I've been happily absorbed in all the media coverage of Nancy Pelosi's ascension ot Speaker of the U.S. House of Representatives. I caught a smattering of it on the tube as I was leaving for work Wednesday, then read the text of her speech online and found some video on my iBook at work, then spent too much time in my local Peet's Coffee reading the many articles about her, her career and family in the SF Chronicle. I got teary listening to her eloquent acceptance speech. I wave my pointy black hat in celebration.

At the tea given for Nancy the day before her swearing in, she specifically pointed out the influece of one of her mentors, the late Congresswoman Sala Burton of San Francisco (wife of Rep. Phillip Burton, he who brought the splendid GGNRA to the Bay Area) and the late Gov. Ann Richards of Texas. (Ann once said of our current President, "Poor George, he can't help it...He was born with a silver foot in his mouth.") I got misty watching her bring all the House women up on stage with her (including our own Lynn Woolsey), plus Senators Barbara Mikulski and Dianne Feinstein. I've watched all of their careers for so many years, with admiration.

When Congresswoman Geraldine Ferraro was chosen at Walter Mondale's Vice Presidential running mate in 1984, I cried. I found Second Wave Feminism in the '60s, and the idea of a woman actually running for a national office of that magnitude struck many of us as a great accomplishment that women of my generation could barely have imagined possible.
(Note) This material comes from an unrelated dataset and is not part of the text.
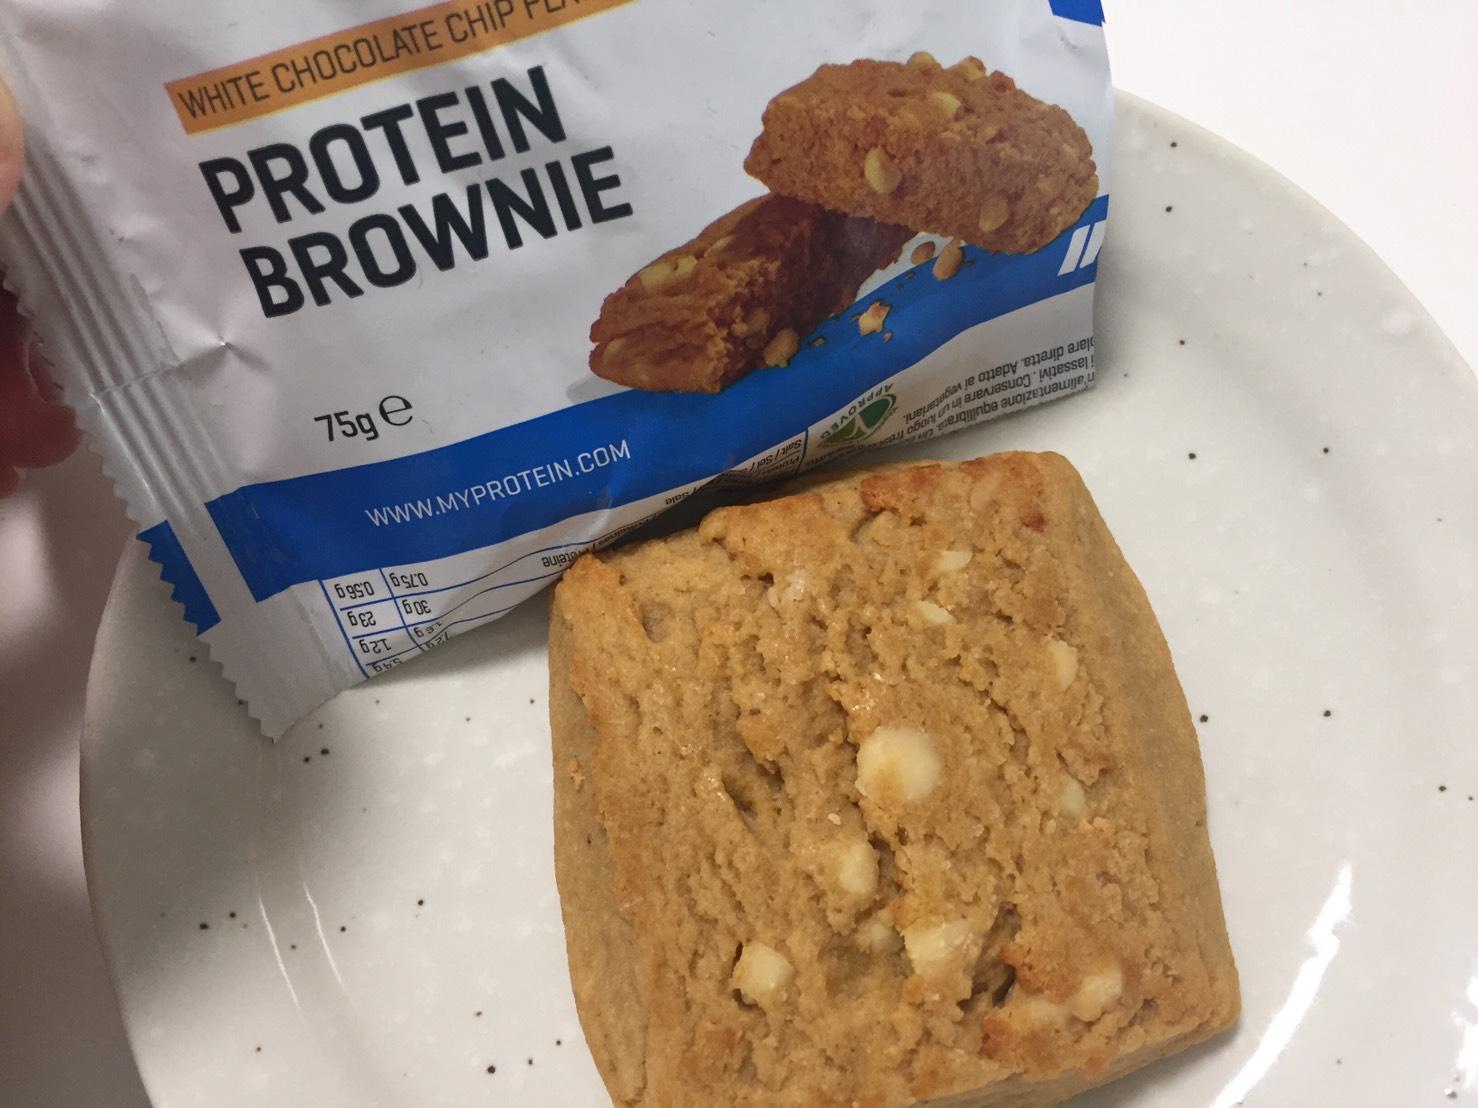 プロテイン・ブラウニー(Protein Brownie)「WHITE CHOCOLATE CHIP FLAVOUR(ホワイトチョコレートチップ味)」を開封した様子

But even before that, in 1972, I campaigned for the first African-American woman to serve in the U.S. Congress, the late Shirley Chisholm of Brooklyn, in her bid for the presidency in the primaries. Congresswoman Chisholm gave this speech in support of the Equal Rights Amendment in 1970, and in spite of our now having many, but not enough, women in the Senate, the House, governors' mansions, state legislatures, city halls and school boards, we still have not managed to pass an amendment to the Constitution guaranteeing our equal rights as women.

I'm encouraged by Nancy Pelosi's accomplishment, her sense of optimism, and her energetic beginning. Recent conversations with younger women, my daughter and stepdaughter among them, and with friends of my vintage about their daughters' attitudes, lift my spirits and warm my heart. I'm on board with Third Wave Feminism. Let's keep the dialogue going. Let's keep up the pressure for our rights. Let's change culture.

Thank you, Madame Speaker, for your work, and for the role model you offer our daughters and granddaughters.